The detectives looked at each other.
Detective McGee asked, “I know the autopsy isn’t complete, but are you asserting with a reasonable degree of medical certainty that he died from the injuries we’ve seen on the scene?”
“Yes,” the doctor said. “Let’s go look at the body. There are a few interesting things,” he added, rubbing his hands together. Pure excitement on his face. Ah, the joy of dead bodies.
A moment later, they stood in front of a death refrigerator and the doctor pulled out the slab where the judge rested with a y-shaped incision in his chest. A tag dangled from his big toe, his morgue driver’s license card. Gone was all of his fancy credentials and his color—his caramel complexion had blanched. His chest was cut open starting at the shoulders, meeting in between his sagging chest, and then sliced to his pelvis forming the Y. A severely bruised face surrounded dead eyes that stared up at them. And the judge’s penis was gone.
“Should his eyes still be open?” Detective Bald Eagle asked.
“Nope,” the doctor said, slipping on gloves and shutting them. “There we go. Photographic slides of his pupils were taken to depict the judge’s statement for a potential jury.”
“His last photo shoot.”
“Precisely,” the doctor said. “Judge Percy Weston endured multiplied blunt force injuries to the head, neck, torso, and upper extremities. Four laceration or tears to the top and left eye, multiple fractures to the skull that penetrated his brain. A fracture of the spine, and a fracture of the hyoid bone.” He took a breath.
“And what might that be? Hyoid bone?”
“The horseshoe-shaped bone that sits in the upper part of the neck. It’s an injury consistent with a strangulation. However, the cause of death was not strangulation in this case.”
“But he was strangled?”
“Yes, and nearly decapitated undoubtedly inflicted by the du-rag wrapped tightly around his neck.”
“Du-rag?” Astonished.
The doctor nodded, facing Detective McGee. “The other injuries are consistent with what would have been caused by the hammer found at the scene. It’s unlikely that any other possible weapons recovered at the scene caused these blunt force injuries.”

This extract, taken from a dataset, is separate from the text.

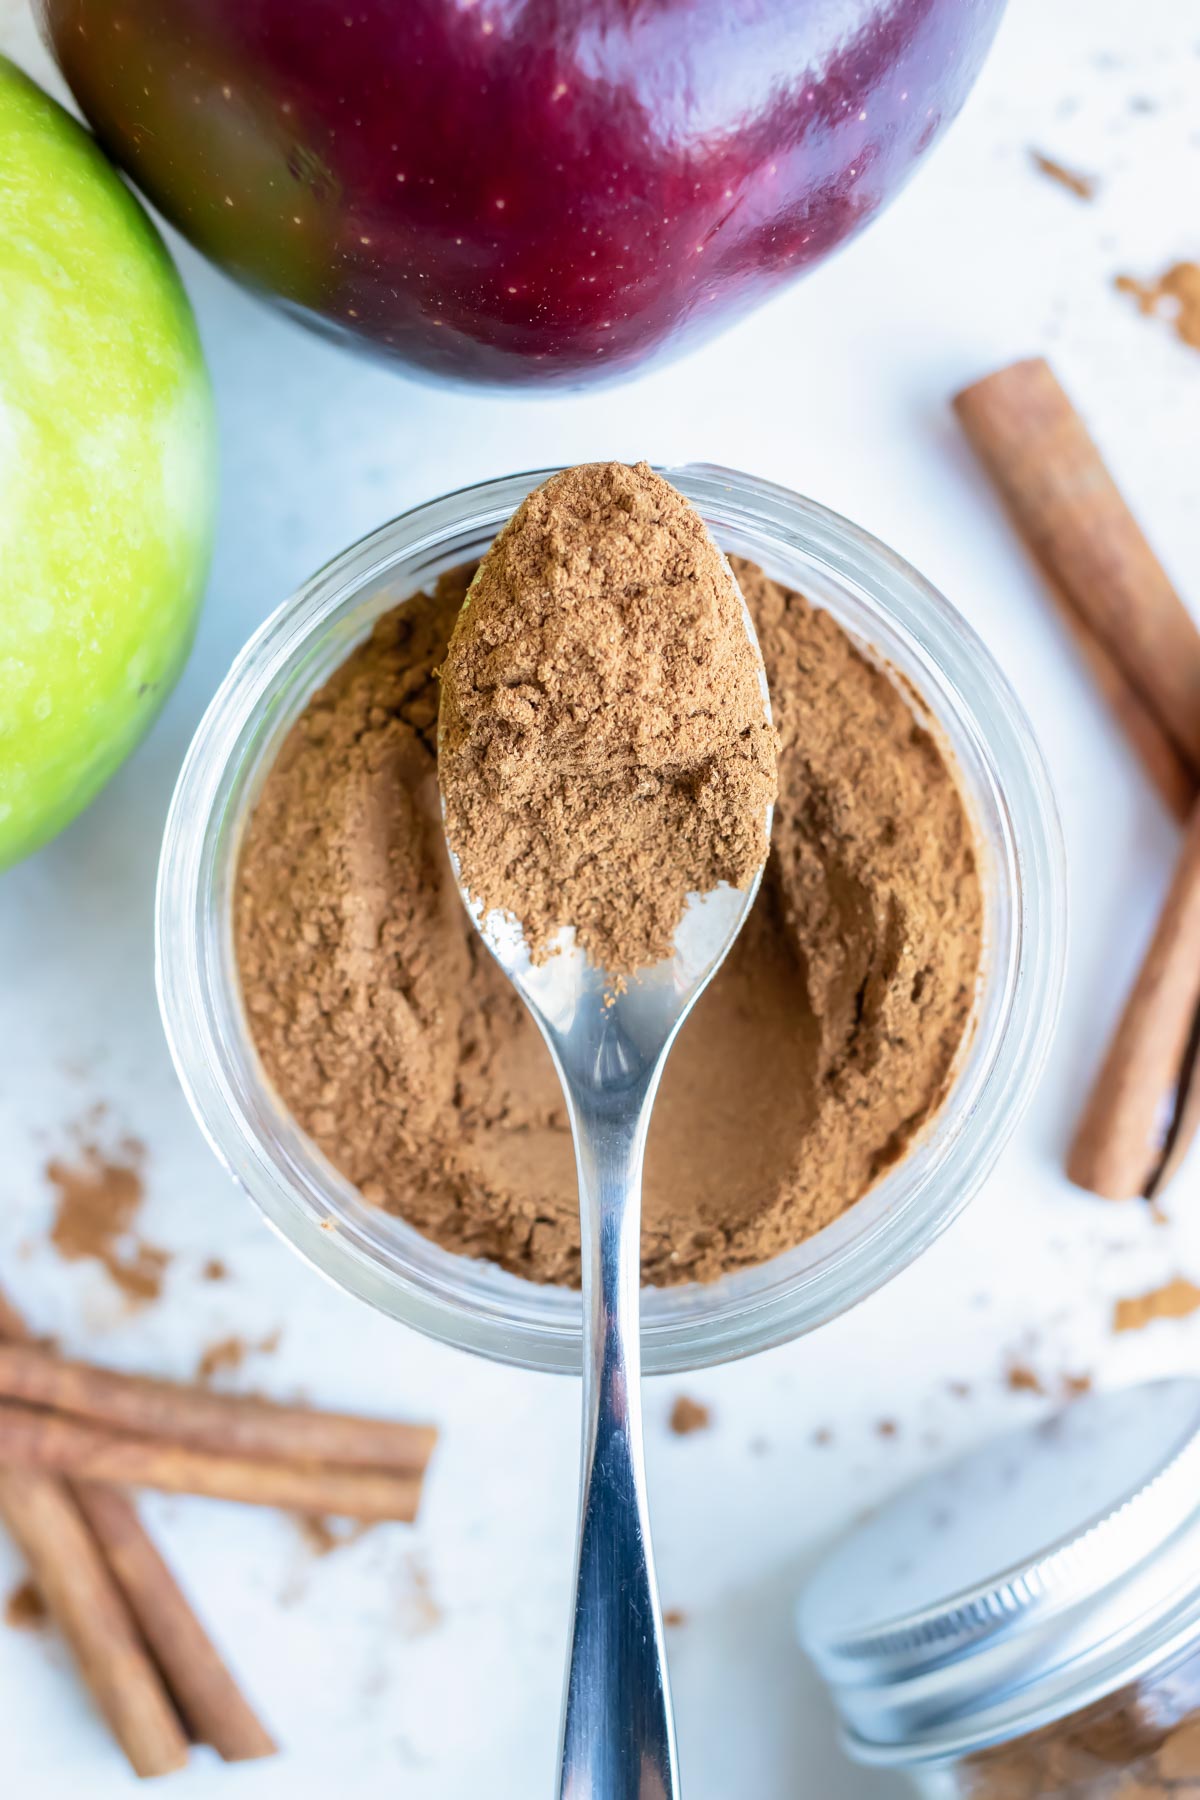 Learn what is in apple pie spice blend with this easy recipe.

“Must have been a lot of force?”
“Significant force indeed, but not for these,” the doctor said, signaling for an assistant to join them. Dr. Butterfield’s assistant pressed eight-by-ten photographs into his huge hands. They were pictures of the judge’s ass. “Someone was being spanked with a gavel. Presumably, by Dorian Jackson since he was found with the gavel in hand.”

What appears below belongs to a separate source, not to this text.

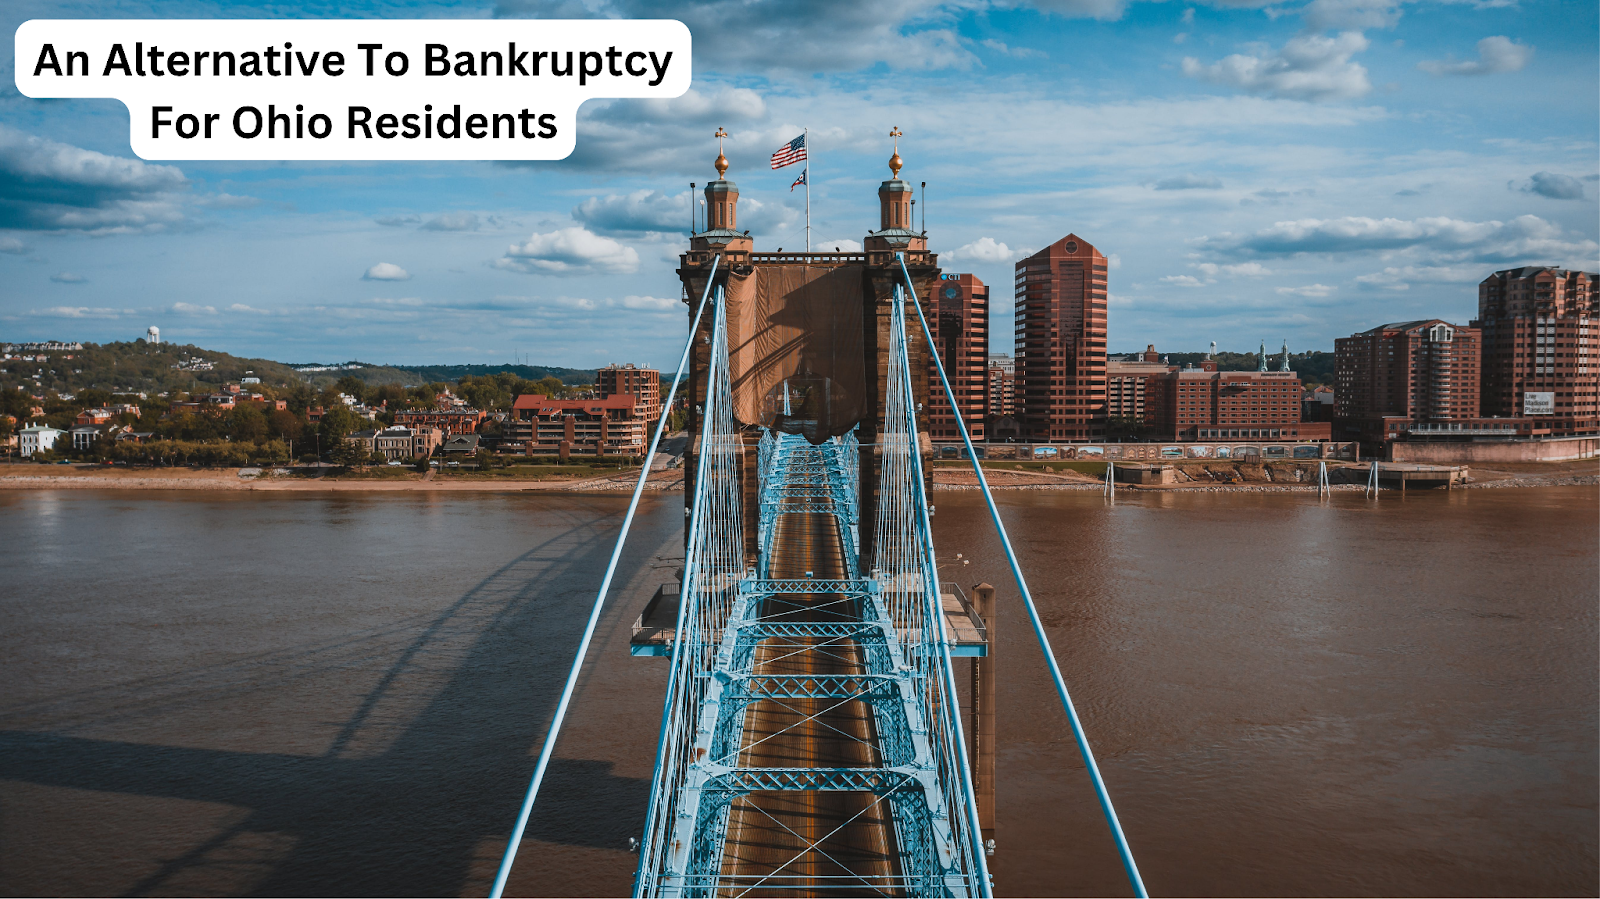 An Alternative To Bankruptcy For Ohio Residents

The detectives looked at the judge’s rear end which was riddled with two-inch round circles with the initials “PW” in the center of them.
“I’m thinking the perp walked in on a sexual fantasy being fulfilled,” Detective McGee said. “That’s why Dorian was in the robe. Perhaps that part wasn’t staged?”
“Hence, the seeming crime of passion that has taken place. I mean the killer had a gun, but killed them with a hammer,” Bald Eagle said.
“I’d say your guy is huge,” the doctor added.
Detective Bald Eagle reasoned that, “The judge was gay, the wife knew it, allowed it. Maybe they were just married because in the US certainly a Supreme Court judge cannot get divorced. That would require a reason and normally an immoral reason and God knows an immoral person cannot sit on the highest court. Perhaps this wasn’t a political kill. Or they were having a threesome. Or this all stagecraft.”
“To be or not to be,” the doctor said, smiling. He covered the corpse with a white sheet, and said, “All of this is off the record until I send you and the AUSA—who’s been begging for me to get this done—a copy of my completed findings.”
“AUSA?”
“Yes, the case has been assigned to Shai Brown. You didn’t know?”
“Yes,” Detective Bald Eagle said, lying.